Padecemos esa especie de «potenciatitis», es decir, potenciamos, aumentamos, exageramos
los problemas, los categorizamos, los inflamos, los hacemos importantes y terminamos
abrumados por la dimensión que les hemos conferido.

¿Pero por qué este auge de lo emocional? Nuestros abuelos, incluso nuestros padres, no se
preocupaban tanto por el tema emocional. Su mundo era más duro a nivel de comodidades,
sus opciones eran muy limitadas y su contacto con el exterior se reducía a lo cercano, a lo
próximo, en definitivas cuentas, a lo real. Tenían por costumbre aceptar, en la medida de las
posibilidades, la sociedad en la que les había tocado vivir, y dentro de sus capacidades y de la
realidad de su estatus social, buscaban la felicidad. El trabajo era un medio para ganar dinero,
y la dicha solía atesorarse al margen de la economía, en la franja personal de la vida, separada
del materialismo. Por una parte, la aceptación de esta realidad tenía un halo de tristeza porque
cercenaba la capacidad de soñar con cambiar radicalmente la situación, pero por otra parte, se
partía de una realidad y se vivía conforme a ella, buscando una felicidad sencilla, teniendo una
vida emocional más transparente que la actual.

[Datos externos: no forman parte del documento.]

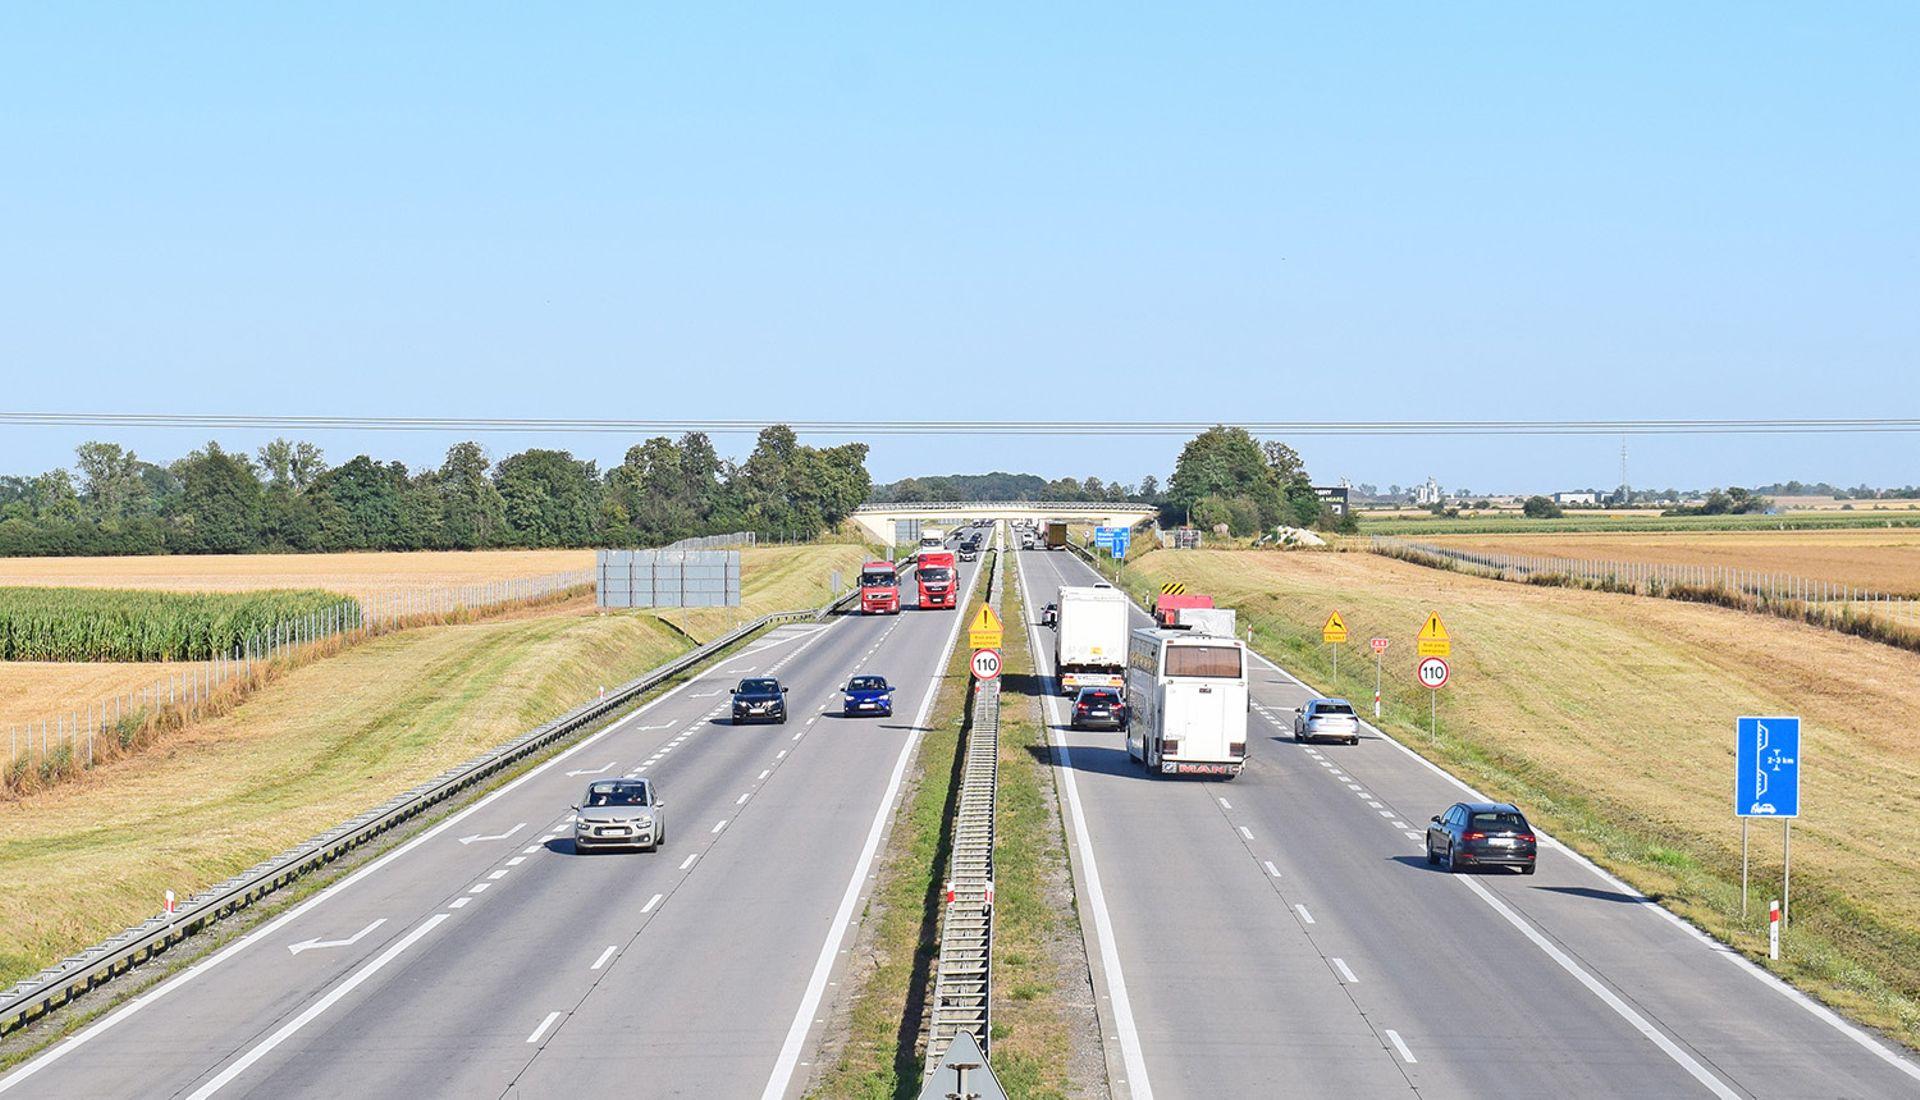 Ogłoszono przetargi na prace przygotowawcze dla A4 i S5

Este imperio del cuidado emocional que aumenta, pone especial acento en el tema educativo.
La pedagogía actual está haciendo hincapié en «educar las

emociones», como si esto no se hubiese hecho nunca. Antes las emociones eran un
complemento más, algo que acompañaba a unos deberes, unos contenidos, un aprendizaje de
la disciplina, unas exigencias determinadas…, y ahora las emociones (pero solo las positivas y
agradables) son el eje central desde el que pivotan todos los demás factores.

Estamos siendo testigos de un momento de explosión de nuevas metodologías pedagógicas,


como los trabajos por proyectos, en los que el niño, partiendo de los temas en los que se
siente a gusto, con los que se identifica, comience a trabajar. Desde los nuevos púlpitos
educativos, se pregona que la educación sin emoción positiva no es buena, y no paran de
inventarse estrategias educativas docentes donde el infante siempre se encuentre cómodo con
la situación que se le propone a cada momento.

Estamos cayendo en lo que se denomina un «paidocentrismo», es decir, el niño es el centro de


todo, todo gira en torno a él y, lo que es peor, en torno a su felicidad y satisfacción. Educamos,
desde la más temprana edad, en insertar y cuidar las emociones positivas las 24 horas del día.
Hay que estar contentos mientras estudiamos, mientras aprendemos, hay que estar felices
también en el trabajo, sentir que nos apasiona lo que hacemos en cada instante, en cada
momento. Pero si solo podemos o debemos aprender, o enseñar, con el refuerzo y el amparo
de emociones positivas, estamos manipulando la idea de una vida real, donde, como hemos
estado analizando, existen muchos factores imponderables que nos provocarán desazón,
desánimo, dolor, decepción, angustia, ansiedades y alguna que otra depresión. Es decir,
olvidamos educar también para el sufrimiento.